The prognostic impact of multiple large focal lesions is independent of R-ISS, GEP70, and extramedullary disease.
Abstract
Spatial intratumor heterogeneity is frequently seen in multiple myeloma (MM) and poses a significant challenge for risk classifiers, which rely on tumor samples from the iliac crest. Because biopsy-based assessment of multiple skeletal sites is difficult, alternative strategies for risk stratification are required. Recently, the size of focal lesions (FLs) was shown to be a surrogate marker for spatial heterogeneity, suggesting that data from medical imaging could be used to improve risk stratification approaches. Here, we investigated the prognostic value of FL size in 404 transplant-eligible, newly diagnosed MM patients.
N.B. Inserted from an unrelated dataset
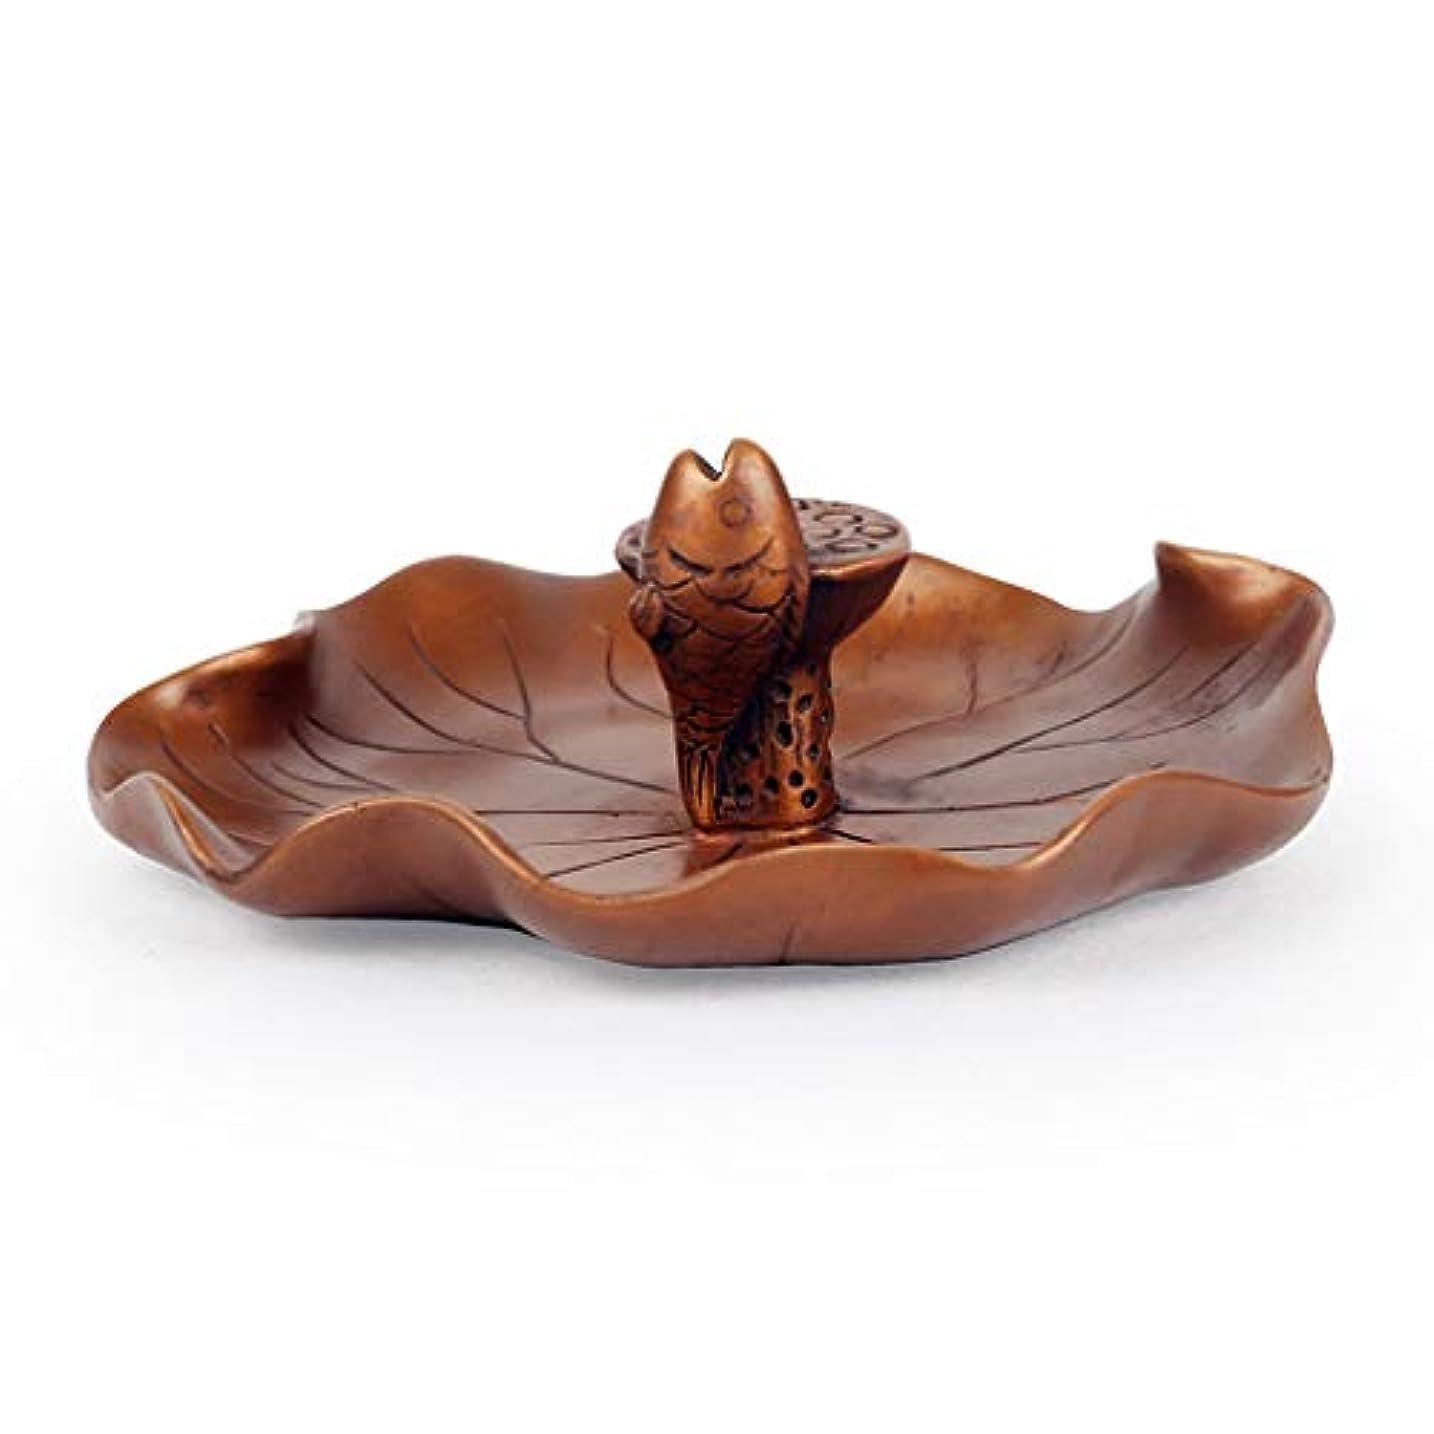 検索エンジン最適化嫌な推測ホームアロマバーナー 還流香炉ホーム香りの良い禅禅ラッキー鑑賞新しいクリエイティブアガーウッド香バーナー装飾 アロマバーナー (Color : Brass)

Using diffusion-weighted magnetic resonance imaging with background suppression, we identified the presence of multiple large FLs as a strong prognostic factor. Patients with at least 3 large FLs with a product of the perpendicular diameters >5 cm2 were associated with poor progression-free survival (PFS) and overall survival (OS; median, 2.3 and 3.6 years, respectively). This pattern, seen in 13.8% of patients, was independent of the Revised International Staging System (RISS), gene expression profiling (GEP)–based risk score, gain(1q), or extramedullary disease (hazard ratio, 2.7 and 2.2 for PFS and OS in multivariate analysis, respectively). The number of FLs lost its negative impact on outcome after adjusting for FL size. In conclusion, the presence of at least 3 large FL is a feature of high risk, which can be used to refine the diagnosis of this type of disease behavior and as an entry criterion for risk-stratified trials.
Introduction
Significant progress has been made in the therapy of multiple myeloma (MM) but a subset, considered to have high-risk (HiR) disease, have not benefitted to the same extent and still undergo early disease progression within 2 to 3 years.1 It is crucial to develop new therapies for these patients and a prerequisite for the design of dedicated trials is the use of effective tools to identify HiR at presentation. The past decade has seen considerable effort put into the development of risk classifiers. However, the latest clinical risk stratifier, the Revised International Staging System (R-ISS),2 and gene expression profiling (GEP)–based risk classifiers such as the GEP70,3 which include molecular data for tumor cells from the iliac crest, have limited sensitivity. Thus, there is considerable potential to improve risk stratification approaches.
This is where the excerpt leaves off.